Buterin made an exception for app chains, which have a singular use case, such as prediction markets. Some chains may have a suitable architecture tailored to one powerful app, instead of aiming to become a general activity and tokenization hub. 

Connected L1 with their own L2 may be a more suitable architecture, as Buterin once again spoke against bridges. Bridging has proven to be a low-capacity method to MOVE liquidity, and one exceedingly at risk for exploits. 

L1s slow down activity, value deposits

L1s activity has slowed down, though Ethereum remains an exception. L1 expansion happened mostly in 2024, while most chains coasted at a higher baseline level of daily active wallets. 

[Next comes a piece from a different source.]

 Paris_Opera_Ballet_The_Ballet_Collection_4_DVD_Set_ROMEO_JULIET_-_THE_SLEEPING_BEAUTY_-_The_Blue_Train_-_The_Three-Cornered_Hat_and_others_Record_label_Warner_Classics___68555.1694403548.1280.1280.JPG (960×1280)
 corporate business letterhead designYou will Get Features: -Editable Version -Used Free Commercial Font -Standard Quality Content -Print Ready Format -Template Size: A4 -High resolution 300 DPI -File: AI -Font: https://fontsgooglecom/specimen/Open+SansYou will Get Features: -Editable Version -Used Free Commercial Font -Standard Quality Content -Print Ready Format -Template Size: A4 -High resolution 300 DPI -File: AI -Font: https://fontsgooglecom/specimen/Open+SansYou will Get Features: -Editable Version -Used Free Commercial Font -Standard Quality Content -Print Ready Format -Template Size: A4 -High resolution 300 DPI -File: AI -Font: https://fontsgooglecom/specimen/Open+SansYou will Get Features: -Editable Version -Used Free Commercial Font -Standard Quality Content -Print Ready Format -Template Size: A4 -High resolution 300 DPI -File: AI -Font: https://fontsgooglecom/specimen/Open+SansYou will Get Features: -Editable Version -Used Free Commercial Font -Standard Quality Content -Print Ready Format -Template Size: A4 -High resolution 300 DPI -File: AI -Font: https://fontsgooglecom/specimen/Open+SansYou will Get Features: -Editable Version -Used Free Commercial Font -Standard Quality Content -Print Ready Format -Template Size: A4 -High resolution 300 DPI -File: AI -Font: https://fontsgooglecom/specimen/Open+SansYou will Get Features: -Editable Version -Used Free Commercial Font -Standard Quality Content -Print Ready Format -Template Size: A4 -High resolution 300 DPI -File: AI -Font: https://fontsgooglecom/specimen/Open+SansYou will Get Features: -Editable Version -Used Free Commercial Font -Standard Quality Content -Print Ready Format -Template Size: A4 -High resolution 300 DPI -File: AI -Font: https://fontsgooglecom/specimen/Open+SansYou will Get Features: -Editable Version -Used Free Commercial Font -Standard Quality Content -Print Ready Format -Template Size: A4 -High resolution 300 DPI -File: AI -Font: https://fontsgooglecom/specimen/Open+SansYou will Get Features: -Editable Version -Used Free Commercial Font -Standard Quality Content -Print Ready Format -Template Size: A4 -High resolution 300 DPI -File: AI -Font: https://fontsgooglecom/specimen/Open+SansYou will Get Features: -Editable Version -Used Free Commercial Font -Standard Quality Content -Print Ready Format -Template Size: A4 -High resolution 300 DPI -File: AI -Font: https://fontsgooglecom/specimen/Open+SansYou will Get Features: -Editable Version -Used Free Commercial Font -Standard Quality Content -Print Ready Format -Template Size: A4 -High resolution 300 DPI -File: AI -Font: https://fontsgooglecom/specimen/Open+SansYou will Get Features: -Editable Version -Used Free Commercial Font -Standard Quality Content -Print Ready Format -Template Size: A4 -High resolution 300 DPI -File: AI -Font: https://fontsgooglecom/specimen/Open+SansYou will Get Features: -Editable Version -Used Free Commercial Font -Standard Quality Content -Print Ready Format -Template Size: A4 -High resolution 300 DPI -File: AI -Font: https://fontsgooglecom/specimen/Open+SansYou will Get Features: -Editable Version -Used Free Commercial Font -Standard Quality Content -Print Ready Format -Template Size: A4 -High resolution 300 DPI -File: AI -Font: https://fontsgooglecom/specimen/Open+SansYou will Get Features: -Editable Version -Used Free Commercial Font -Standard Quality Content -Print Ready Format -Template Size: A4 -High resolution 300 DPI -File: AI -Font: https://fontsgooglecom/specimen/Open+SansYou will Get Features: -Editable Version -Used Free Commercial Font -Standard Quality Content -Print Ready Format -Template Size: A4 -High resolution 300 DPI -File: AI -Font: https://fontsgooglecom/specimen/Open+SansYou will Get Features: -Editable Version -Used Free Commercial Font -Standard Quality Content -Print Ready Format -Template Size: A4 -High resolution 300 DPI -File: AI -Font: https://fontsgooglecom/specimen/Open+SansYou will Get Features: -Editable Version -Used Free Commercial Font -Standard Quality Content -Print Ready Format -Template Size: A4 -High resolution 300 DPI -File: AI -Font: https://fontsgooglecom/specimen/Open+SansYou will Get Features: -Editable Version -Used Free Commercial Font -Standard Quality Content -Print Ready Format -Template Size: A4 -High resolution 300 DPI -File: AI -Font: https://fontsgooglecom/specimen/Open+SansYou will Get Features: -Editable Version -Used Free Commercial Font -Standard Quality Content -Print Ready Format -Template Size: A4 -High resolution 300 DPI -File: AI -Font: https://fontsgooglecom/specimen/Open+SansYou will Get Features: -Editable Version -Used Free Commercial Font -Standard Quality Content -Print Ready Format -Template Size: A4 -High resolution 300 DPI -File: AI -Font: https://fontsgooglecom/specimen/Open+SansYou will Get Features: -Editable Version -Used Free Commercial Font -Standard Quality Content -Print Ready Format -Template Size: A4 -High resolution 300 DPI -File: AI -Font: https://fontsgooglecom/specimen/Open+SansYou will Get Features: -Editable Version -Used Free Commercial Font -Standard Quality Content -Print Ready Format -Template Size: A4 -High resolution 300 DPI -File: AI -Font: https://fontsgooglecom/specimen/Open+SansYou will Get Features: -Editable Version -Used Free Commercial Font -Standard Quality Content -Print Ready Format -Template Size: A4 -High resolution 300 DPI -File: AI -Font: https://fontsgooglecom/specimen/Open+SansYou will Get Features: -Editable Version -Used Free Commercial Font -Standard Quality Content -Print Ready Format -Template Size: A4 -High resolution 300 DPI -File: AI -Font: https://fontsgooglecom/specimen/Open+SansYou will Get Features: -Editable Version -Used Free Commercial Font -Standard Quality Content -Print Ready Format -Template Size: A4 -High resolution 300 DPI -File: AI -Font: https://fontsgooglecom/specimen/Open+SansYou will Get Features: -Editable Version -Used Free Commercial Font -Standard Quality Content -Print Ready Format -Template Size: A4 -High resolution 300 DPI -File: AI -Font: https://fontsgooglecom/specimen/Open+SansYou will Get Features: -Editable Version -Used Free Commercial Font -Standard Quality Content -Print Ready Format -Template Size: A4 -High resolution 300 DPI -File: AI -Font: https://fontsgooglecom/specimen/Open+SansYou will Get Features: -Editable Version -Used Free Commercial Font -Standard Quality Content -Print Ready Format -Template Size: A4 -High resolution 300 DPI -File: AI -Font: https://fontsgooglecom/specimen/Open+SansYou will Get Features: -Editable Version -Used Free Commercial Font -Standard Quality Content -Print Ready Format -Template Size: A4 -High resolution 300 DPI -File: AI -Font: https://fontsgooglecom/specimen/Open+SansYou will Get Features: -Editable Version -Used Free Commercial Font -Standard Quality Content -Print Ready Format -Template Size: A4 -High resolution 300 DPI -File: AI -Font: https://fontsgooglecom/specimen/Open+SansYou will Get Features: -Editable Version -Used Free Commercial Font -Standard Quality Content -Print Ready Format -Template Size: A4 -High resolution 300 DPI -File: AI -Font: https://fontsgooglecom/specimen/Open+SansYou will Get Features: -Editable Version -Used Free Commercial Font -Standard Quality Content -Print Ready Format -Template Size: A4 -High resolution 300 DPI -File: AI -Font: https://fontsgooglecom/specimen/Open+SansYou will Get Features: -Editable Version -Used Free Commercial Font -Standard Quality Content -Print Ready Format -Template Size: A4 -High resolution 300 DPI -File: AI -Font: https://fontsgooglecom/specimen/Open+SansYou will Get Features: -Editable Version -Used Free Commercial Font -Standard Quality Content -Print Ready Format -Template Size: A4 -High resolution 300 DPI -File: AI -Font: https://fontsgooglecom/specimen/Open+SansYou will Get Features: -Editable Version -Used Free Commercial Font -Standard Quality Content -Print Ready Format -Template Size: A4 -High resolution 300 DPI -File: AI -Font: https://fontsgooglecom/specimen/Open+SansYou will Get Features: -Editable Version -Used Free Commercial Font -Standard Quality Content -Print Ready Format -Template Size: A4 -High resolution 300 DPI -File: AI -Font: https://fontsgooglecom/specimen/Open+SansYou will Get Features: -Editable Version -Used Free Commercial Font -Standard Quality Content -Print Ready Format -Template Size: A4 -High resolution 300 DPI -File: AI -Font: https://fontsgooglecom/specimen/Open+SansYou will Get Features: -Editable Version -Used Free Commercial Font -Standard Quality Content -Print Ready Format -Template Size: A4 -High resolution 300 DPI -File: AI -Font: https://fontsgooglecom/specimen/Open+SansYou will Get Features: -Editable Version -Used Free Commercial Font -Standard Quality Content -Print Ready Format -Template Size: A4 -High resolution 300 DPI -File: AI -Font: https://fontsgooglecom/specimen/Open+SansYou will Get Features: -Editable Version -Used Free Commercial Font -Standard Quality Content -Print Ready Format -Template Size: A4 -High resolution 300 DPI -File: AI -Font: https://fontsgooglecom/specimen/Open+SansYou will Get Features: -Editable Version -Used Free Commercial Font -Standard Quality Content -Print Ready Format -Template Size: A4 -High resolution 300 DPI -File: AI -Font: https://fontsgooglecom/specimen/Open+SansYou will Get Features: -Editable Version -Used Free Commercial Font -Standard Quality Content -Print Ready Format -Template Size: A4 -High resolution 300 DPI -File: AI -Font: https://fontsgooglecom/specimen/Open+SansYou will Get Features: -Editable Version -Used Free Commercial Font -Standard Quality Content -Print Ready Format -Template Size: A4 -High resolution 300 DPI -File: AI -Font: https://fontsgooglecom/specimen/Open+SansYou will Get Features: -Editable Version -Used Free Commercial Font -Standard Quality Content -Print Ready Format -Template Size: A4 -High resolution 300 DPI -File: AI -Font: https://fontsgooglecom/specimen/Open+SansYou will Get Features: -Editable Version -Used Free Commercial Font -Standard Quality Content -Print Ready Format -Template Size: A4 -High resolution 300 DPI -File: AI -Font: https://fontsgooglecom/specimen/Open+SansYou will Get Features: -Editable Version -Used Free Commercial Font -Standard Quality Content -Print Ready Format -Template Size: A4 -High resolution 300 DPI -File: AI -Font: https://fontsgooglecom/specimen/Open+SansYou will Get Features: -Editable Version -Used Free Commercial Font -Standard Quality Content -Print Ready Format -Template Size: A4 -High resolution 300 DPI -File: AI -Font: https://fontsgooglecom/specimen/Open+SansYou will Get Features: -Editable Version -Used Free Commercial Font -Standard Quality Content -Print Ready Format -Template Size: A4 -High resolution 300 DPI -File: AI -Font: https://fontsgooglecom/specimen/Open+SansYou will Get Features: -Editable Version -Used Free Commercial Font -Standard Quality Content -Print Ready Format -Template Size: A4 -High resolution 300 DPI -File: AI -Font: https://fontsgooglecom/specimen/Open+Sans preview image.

Vitalik Buterin: Crypto does not need more L1s.

L1 chains operate at a higher baseline, but have stalled in the past year, with outflows of users and value. Smaller chains carry a limited number of transactions. | Source: Token Terminal.

The usage of L1 was mostly linked to specific apps and the available liquidity. solana and BNB Chain remained active based on meme token trading, while Ethereum retained its status as a key DeFi hub. 

The value locked in L1 chains also declined in the past month, due to the crypto market crash. Solana lost over 21% of its value locked, while Ethereum saw an outflow of over 22%. 

Some niche, smaller chains saw an increase in value, but most fail to show sustainable growth. Even high-profile L1 like Berachain has gone quiet, handling a limited number of real economic transfers.